Meet Mish: New Activation function, possible successor to ReLU?

morgan · September 19, 2019, 10:10am

@LessW2020 I’ve been running some trials with Ranger913A over the past few days with EfficientNet-b3 + Mish on Stanford-Cars. Overall I found it matched the accuracy of “vanilla” Ranger but didn’t beat it. It also needed a higher lr (10x) than Ranger and was about 15% slower to run.

If there are 1 or 2 other parameter configurations you feel are worth exploring then I can probably make time to trial them, however in general with Ranger913A and Ranger I’ve found 93.8% to be a hard ceiling with b3, although I have seen 93.9% after adding Mixup.
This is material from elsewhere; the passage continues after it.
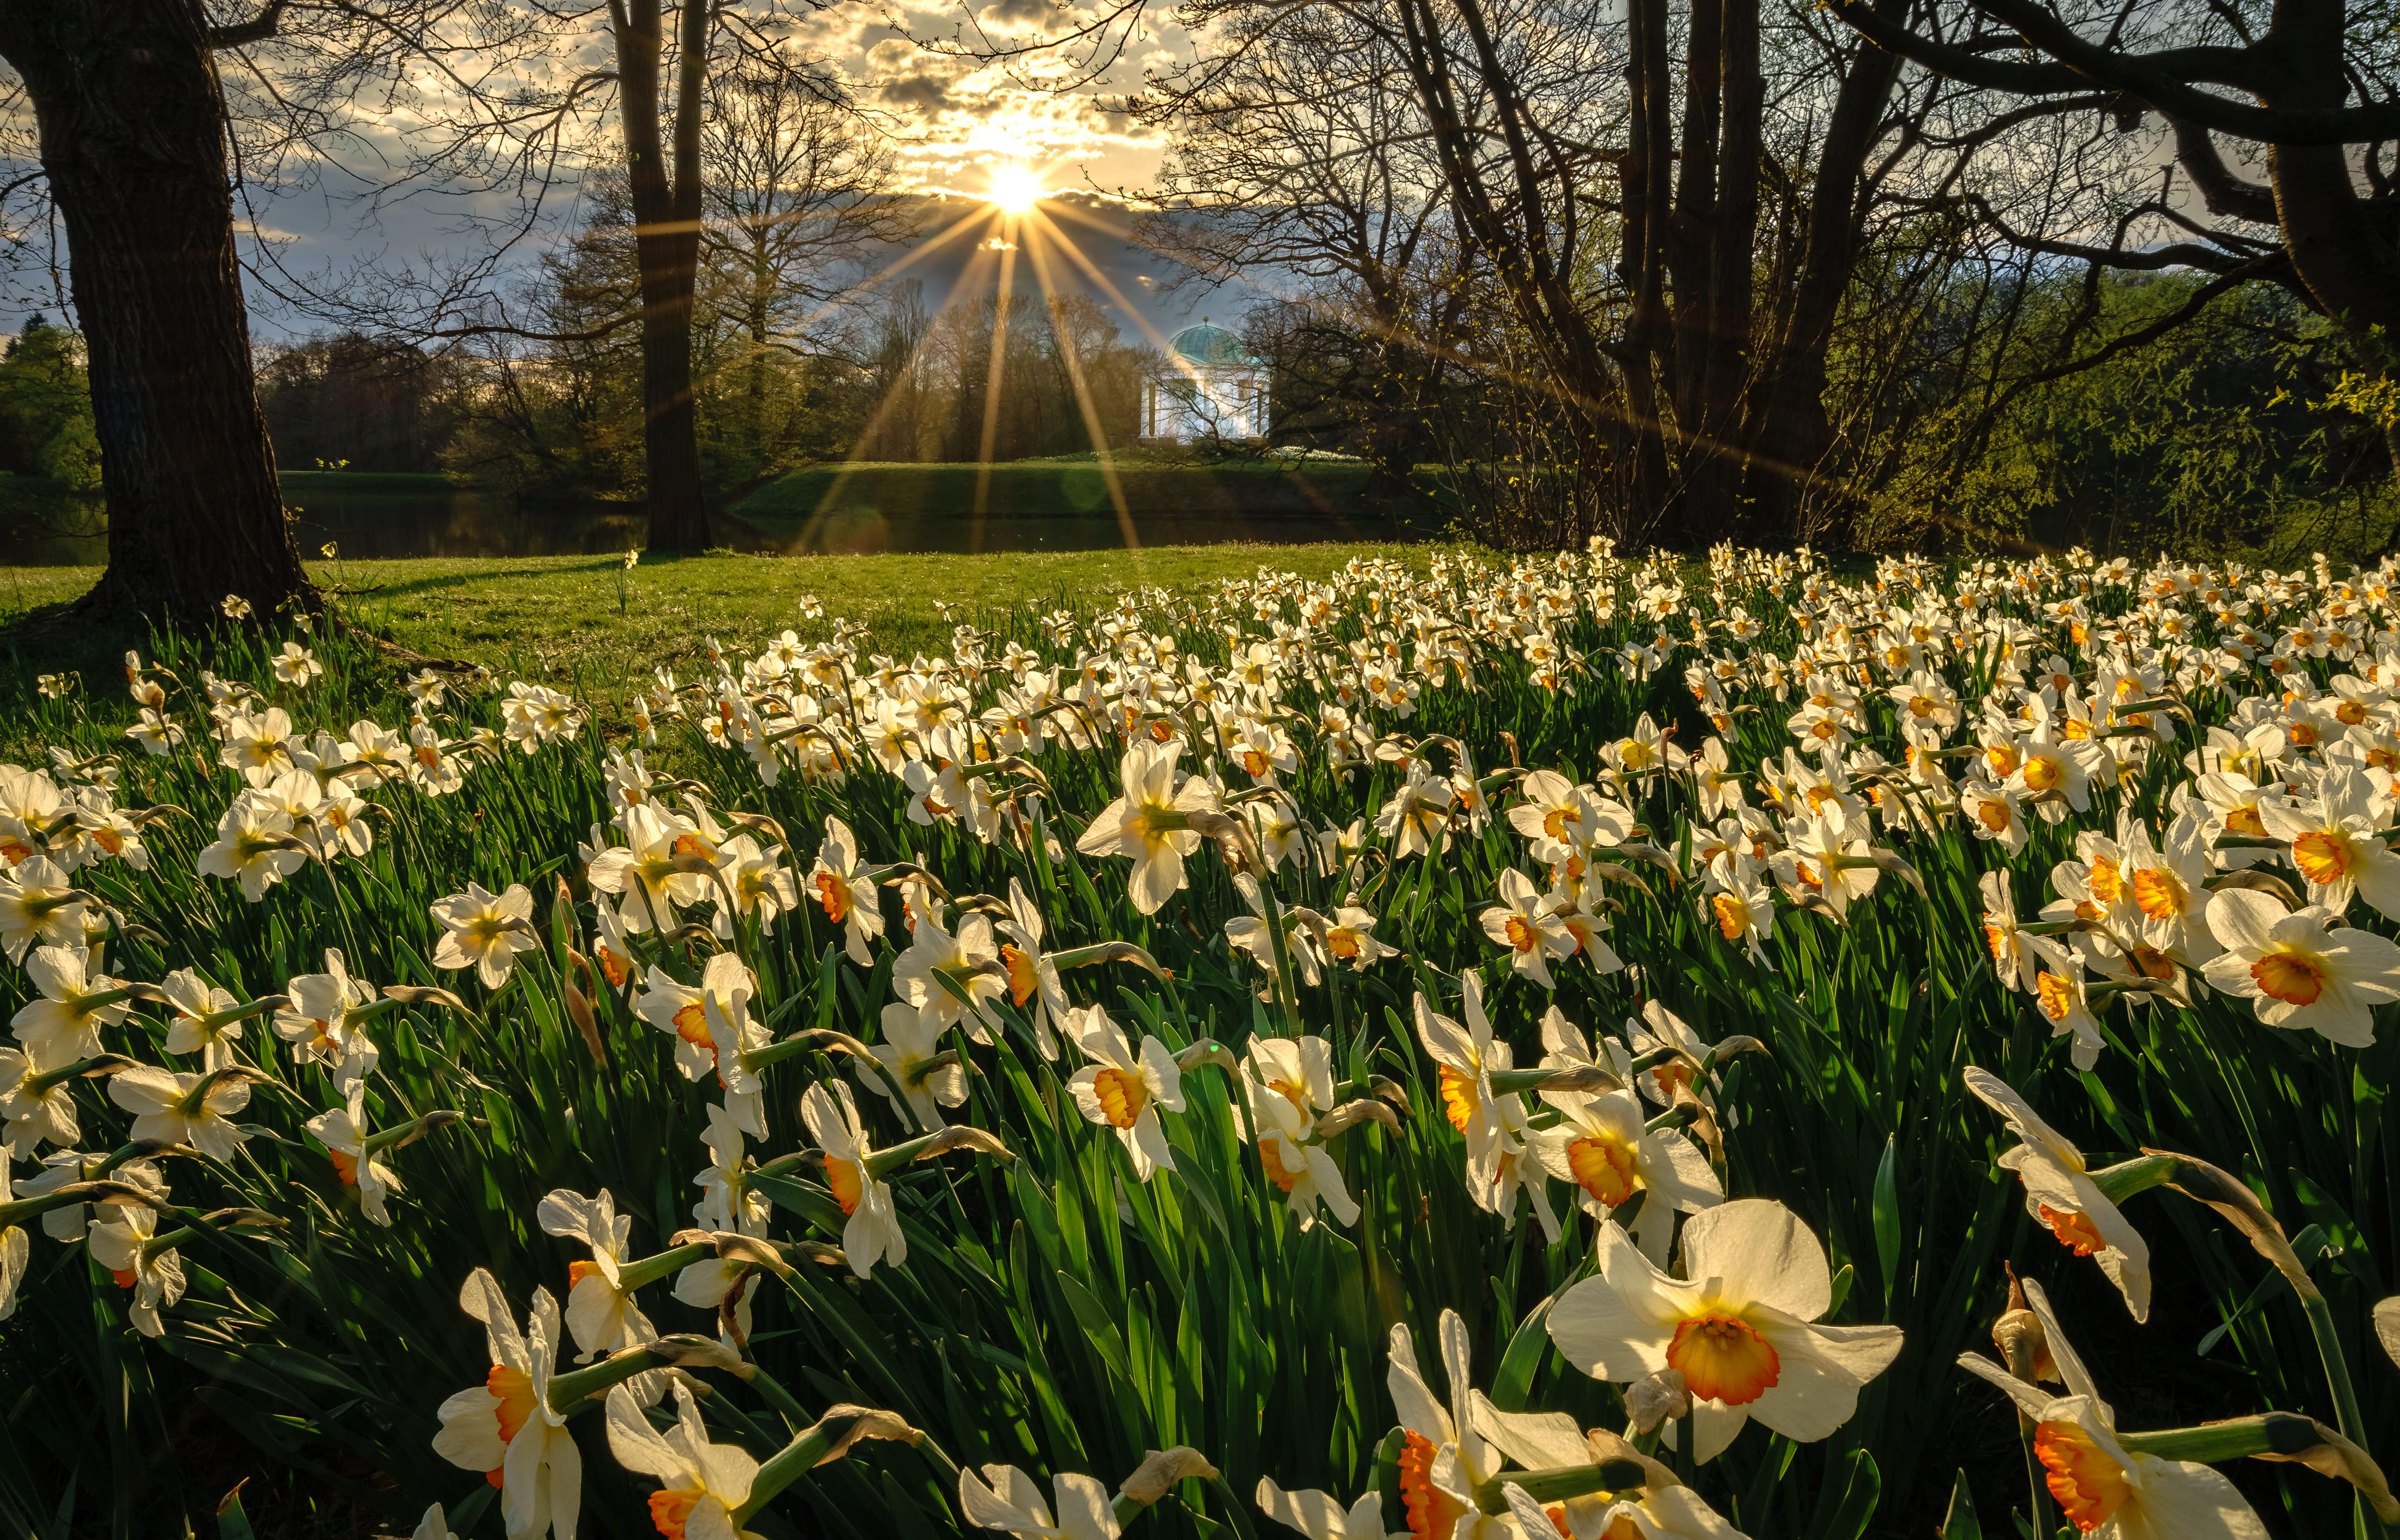 daffodils-photo-84

All results are in the “Ranger913A” notebook here: https://github.com/morganmcg1/stanford-cars

Results

Accuracy, last 10e (full 40e plots in the notebook)

Validation loss, last 10e

@mmauri I have a look at my repo above, and my other results with EfficientNet + Mish + Ranger: [Project] Stanford-Cars with fastai v1

Its not on Imagenette/Imagewoof but I’ve found Mish + Ranger to be super helpful. Also, myself and @ttsantos are working on a PR for the efficientnet_pytorch library to allow you to toggle the activation function between Mish, Swish and Relu…